Wednesday, November 26, 2008

The Pinochet paradox (Or, why so many conservatives get Communist China wrong)

The gleaming facade that the Chinese Communist Party hoped to show the world continues to crumble.

Another foreign firm (MYOB - Australia) has come to the realization that the CCP is an immovable barrier to profitability (AAP via Epoch Times). The "1.3 billion customer" mantra has been attracting outside investors and companies for years; more and more of them find themselves throwing good money after bad. MYOB was merely the latest.

Many believe the investment climate in Communist China has nothing to do with its political repression. I disagree. A regime that can brook no dissent (BBC and the Epoch Times) usually has trouble with criticism or bad news on any front - including economics, but especially regarding corruption, which continues to be rife within the CCP (Epoch Times). Corruption greatly increases the operational cost for any business enterprise, and when that includes less than perfect information on the economic state of affairs, it can make business planning almost impossible.

Meanwhile, when the regime itself behaves in such a criminal, the very definition of "crime" becomes relative - as was seen in Shanghai, where an executed cop killer was lauded as a hero for standing up to the bloodthirsty regime (BBC). Many, many Chinese citizens identified with Yang Jia, who himself was a victim of police brutality, but foreign investors or firms - who mostly have no experience with tyranny at home - either have no concept of Yang's plight (meaning they see a dangerous society glorifying a murderer) or recognize that for a regime this brutal, nothing is sacred (including an outside firm). This is especially true given the CCP's ultimate weapon - trumped-up espionage charges (BBC) - to which foreigners are especially vulnerable.

Yet, despite all of the above, despite the continuing anti-American policies (Weekly Standard), and despite the antics of the obviously controllable Korean colony (One Free Korea), the CCP not only continues to get away with this on the world stage, but even continues to gain "engagement" supporters throughout the democratic world.

The reasons for this are myriad, but for one of the most important pieces of the Communists' charm offensive puzzle - bedazzled American conservatives - the answer can be found in an old Latin American dictator who gave up power two decades ago and died two years ago - Chilean General Augusto Pinochet.

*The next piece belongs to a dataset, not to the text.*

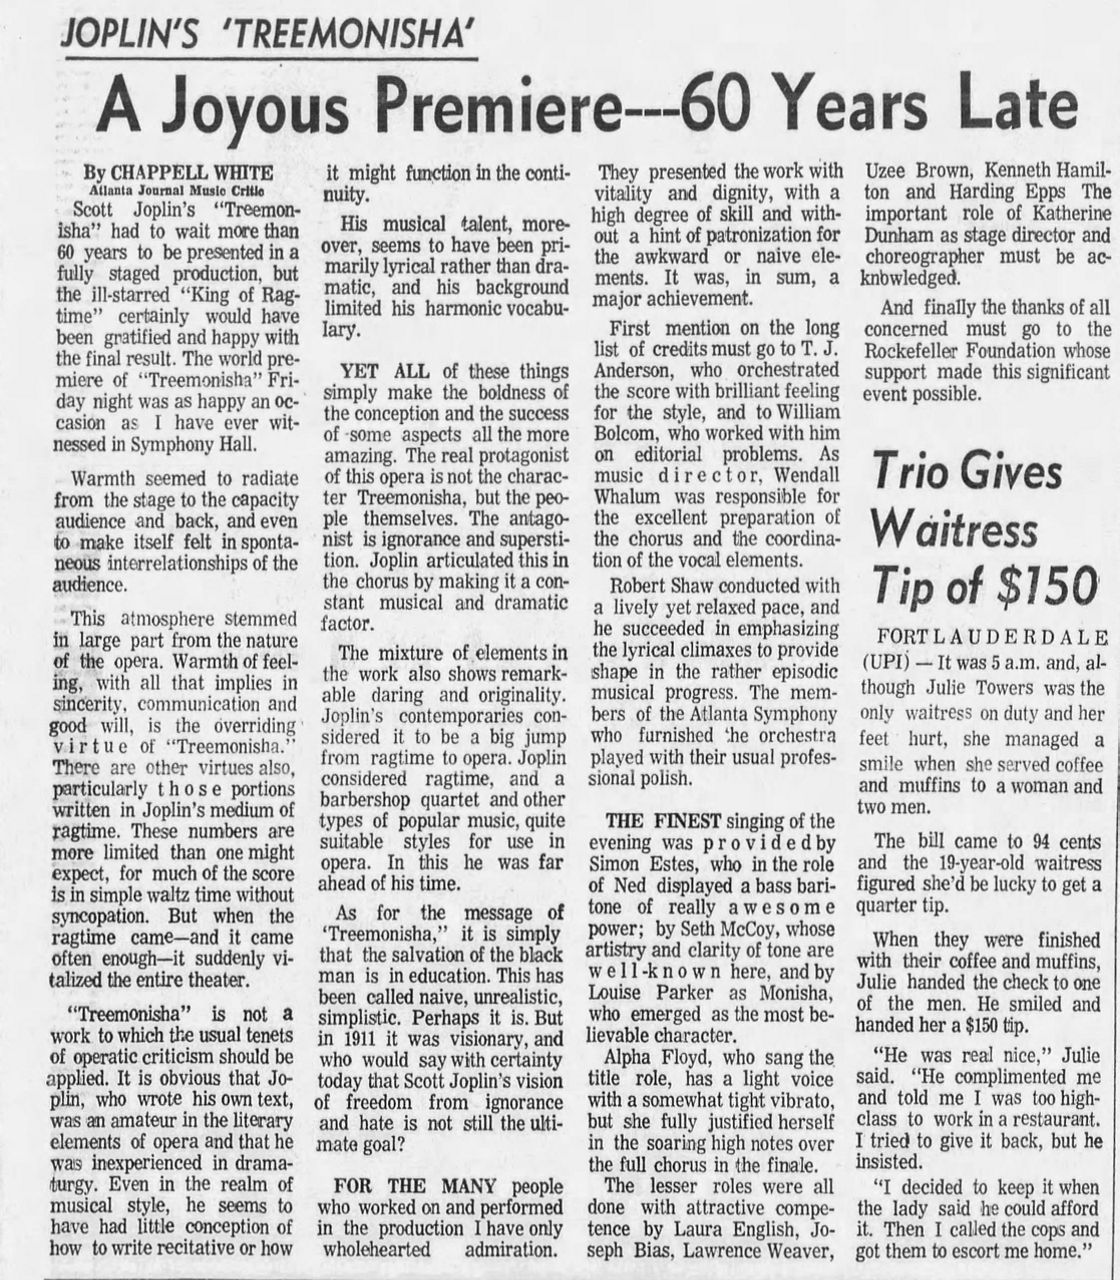 (The Atlanta Constitution, Sunday, Jan 30, 1972)
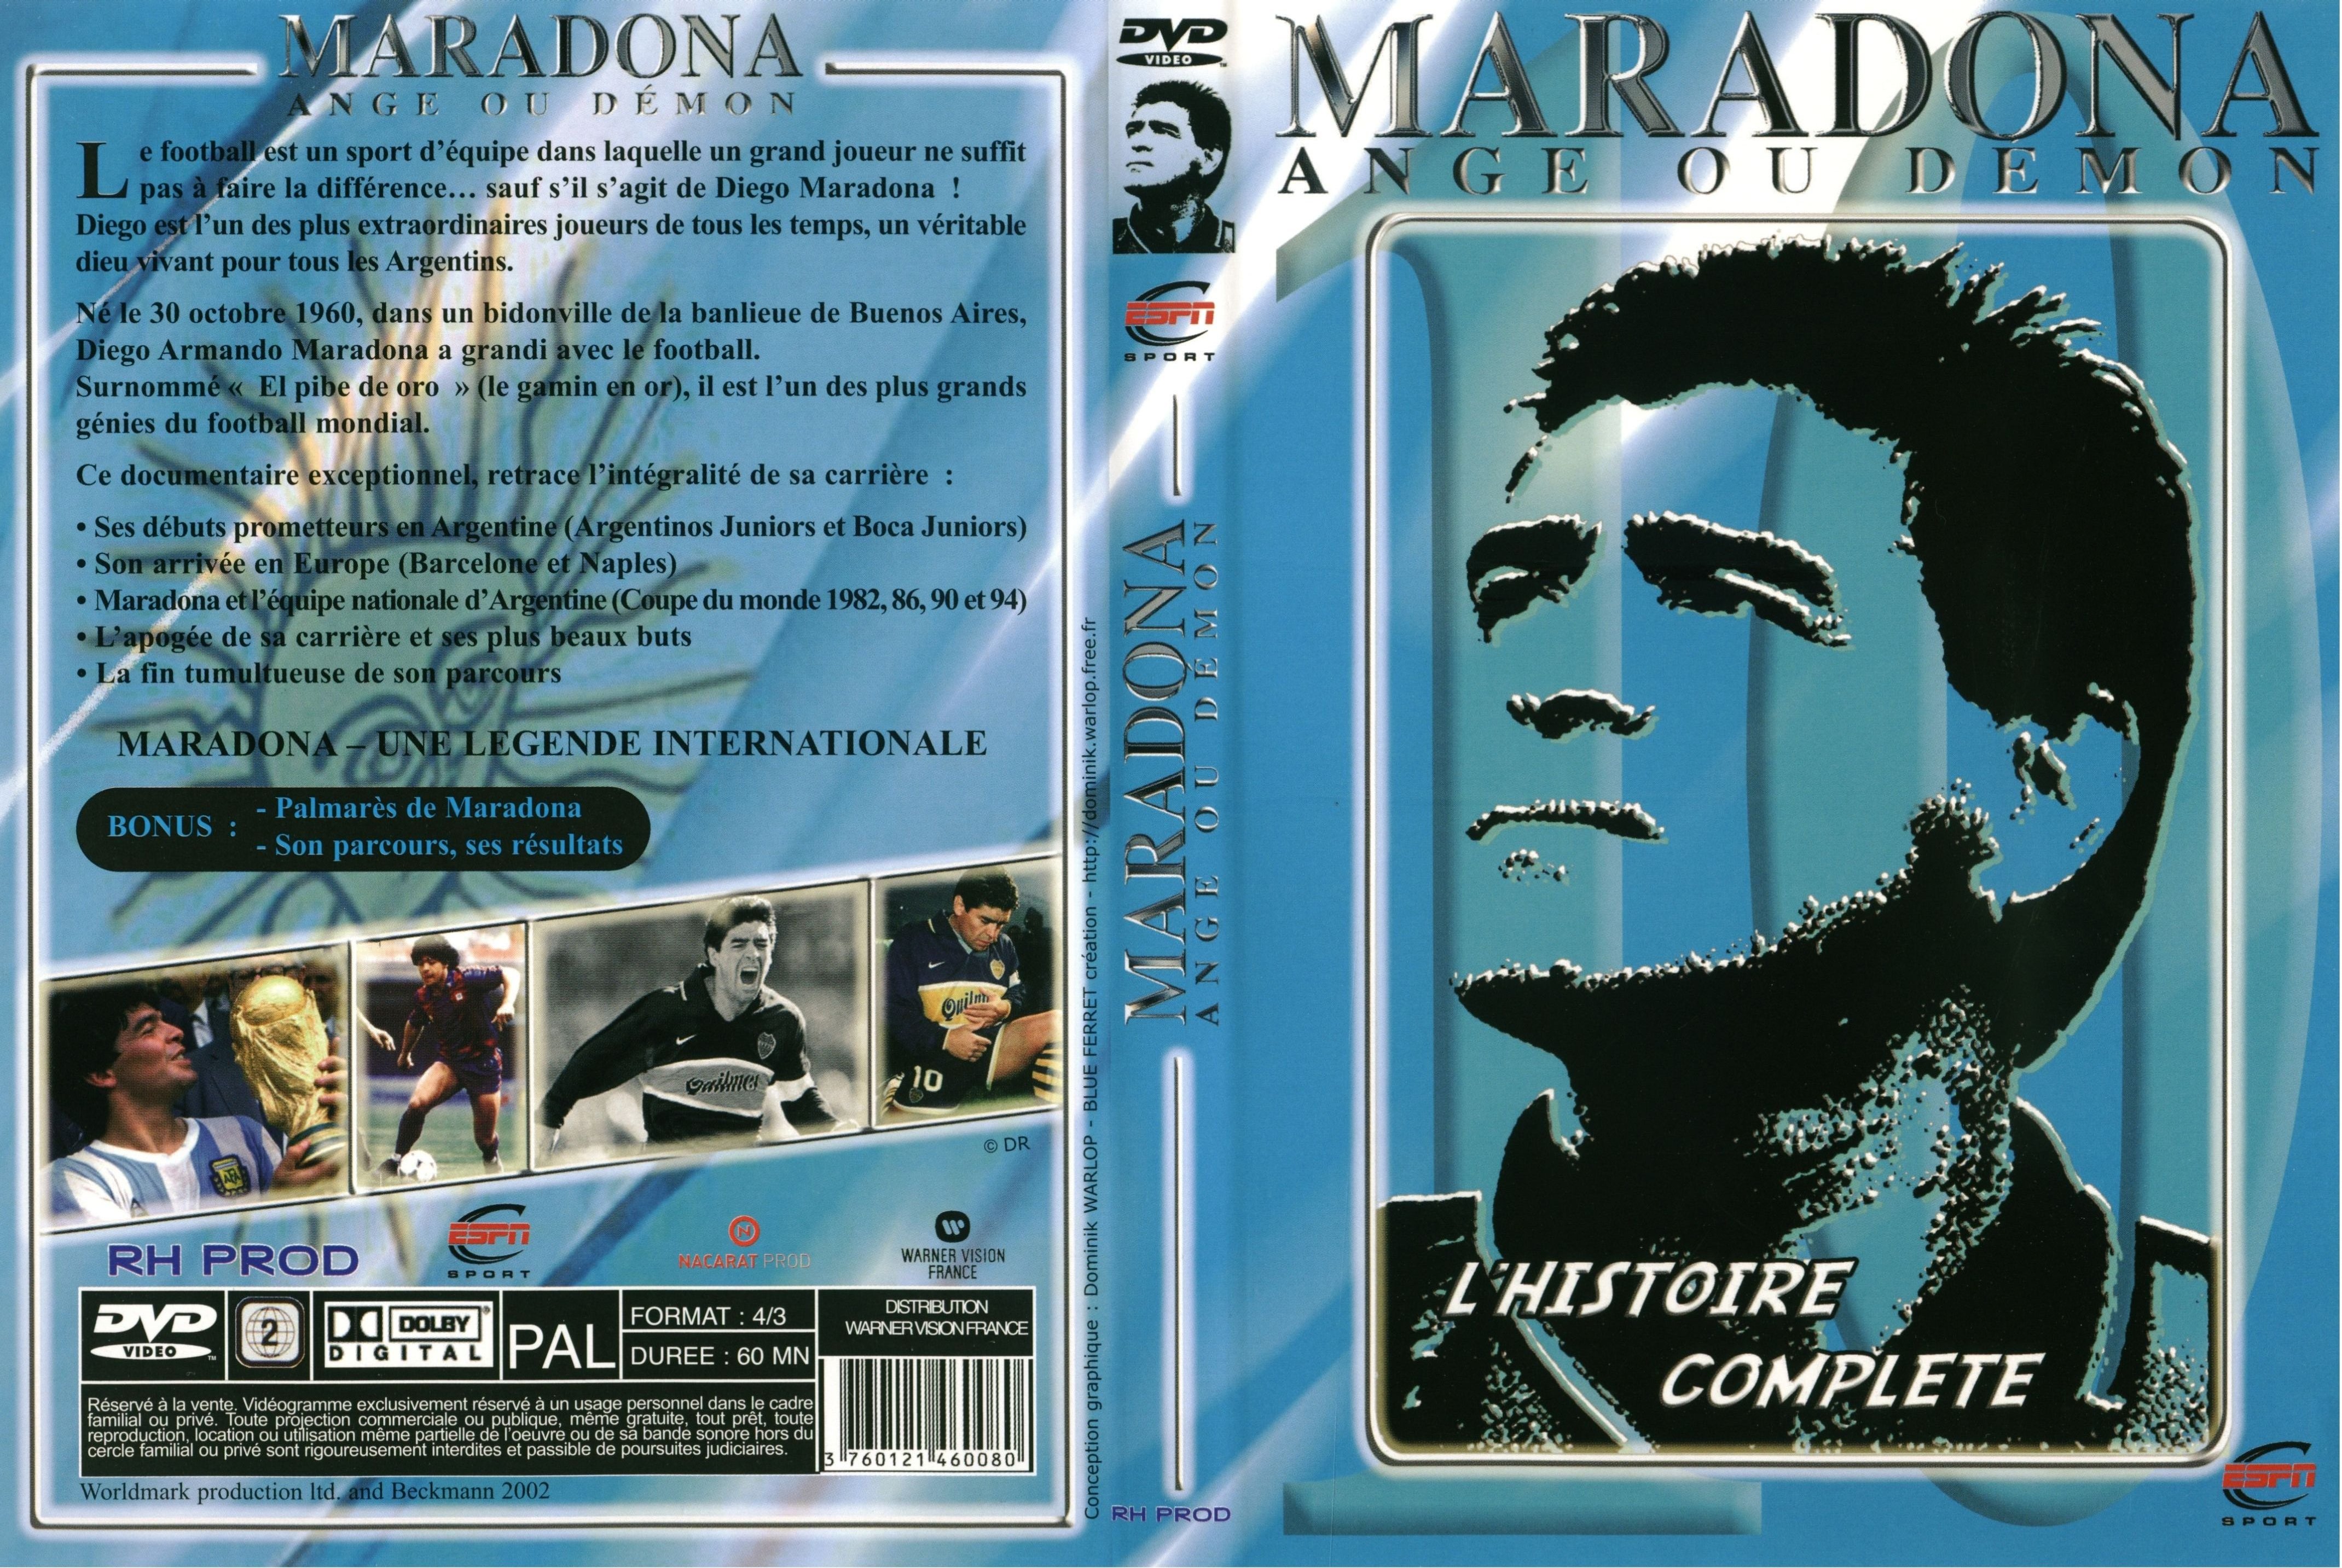 Jaquette DVD Maradona ange ou dmon

By almost any account, Pinochet's tenure (1973-1990) began brutally. After taking power in a military coup against a democratically elected yet increasingly unpopular Marxist, Pinochet was every bit the bloodthirsty tyrant. Yet as the 1970s wore on, he also radically reoriented Chile's economy in a free-market direction, and turned it into one of the most prosperous nations in Latin America. By the time he stepped down in 1990, Chile was an economic model.

For many American Cold Warriors of the time, Pinochet (a staunch Western ally) was himself a model dictator (to the extent that dictators could ever be a model), and the trajectory of his tenure was touted as evidence of the inevitable progress of economic freedom to political freedom. This has colored the view of most (if not all) CCP-"engagement" supporters on the American right. It is also spectacularly wrong for two reasons.

For starters, unlike Pinochet, the Communist Chinese economy is hardly a free market. The CCP still owns the major industries (either outright or through high-ranking cadres and their relatives). Even outside firms have to enter joint-ventures with regime-run domestic firms (which usually steal information from the foreign group and hand over to domestic "competition" for either a hefty bribe or a piece of the action). Pinochet's actual reforms would be considered dangerously radical to any CCP cadre per se.

Secondly, we must remember the reactions of the tyrants themselves. Pinochet was faced with a painful choice (for him) in the 1980s: his legacy (the revitalized Chilean economy) or his power. When the Chilean people told him he couldn't have both, he chose the former, and honored the referendum calling for him to step down.

The CCP by contrast, has never chosen to cede power - even slightly. There has never been a China-wide referendum similar to the 1988 Pinochet vote. Moreover, even in the "village elections" so highly touted by the cadres, anti-Communists and reformers who manage to win them risk jail, or worse, if they dare exercise the power their fellow villagers tried to bestow on them.

In fact, contrary to being a "model," the Pinochet experience was actually quite unique. Far more common is the method the CCP is attempting: fake reforms to fool the locals, win Western support, and buy time (in Eastern Europe, that came with national elections that had enough freedom to dislodge the Communists from power; the CCP refuses to let that happen).

Augusto Pinochet - for all his many flaws - gave his people real economic freedom, and rather than risk its extinction, added to it real political freedom. By contrast, the Chinese Communist Party has combined fake economic freedom with fake political freedom, and has chosen to toss each into the trash heap whenever either threatened its "mandate from heaven."

In other words, the CCP is nothing like Pinochet, and the sooner Pinochet's apologists and defenders on the right can see that, the sooner we will all be to a democratic world ready to see the Communist regime for what it really is and act accordingly until the Chinese people (hopefully with our help) can rise up and take their country back.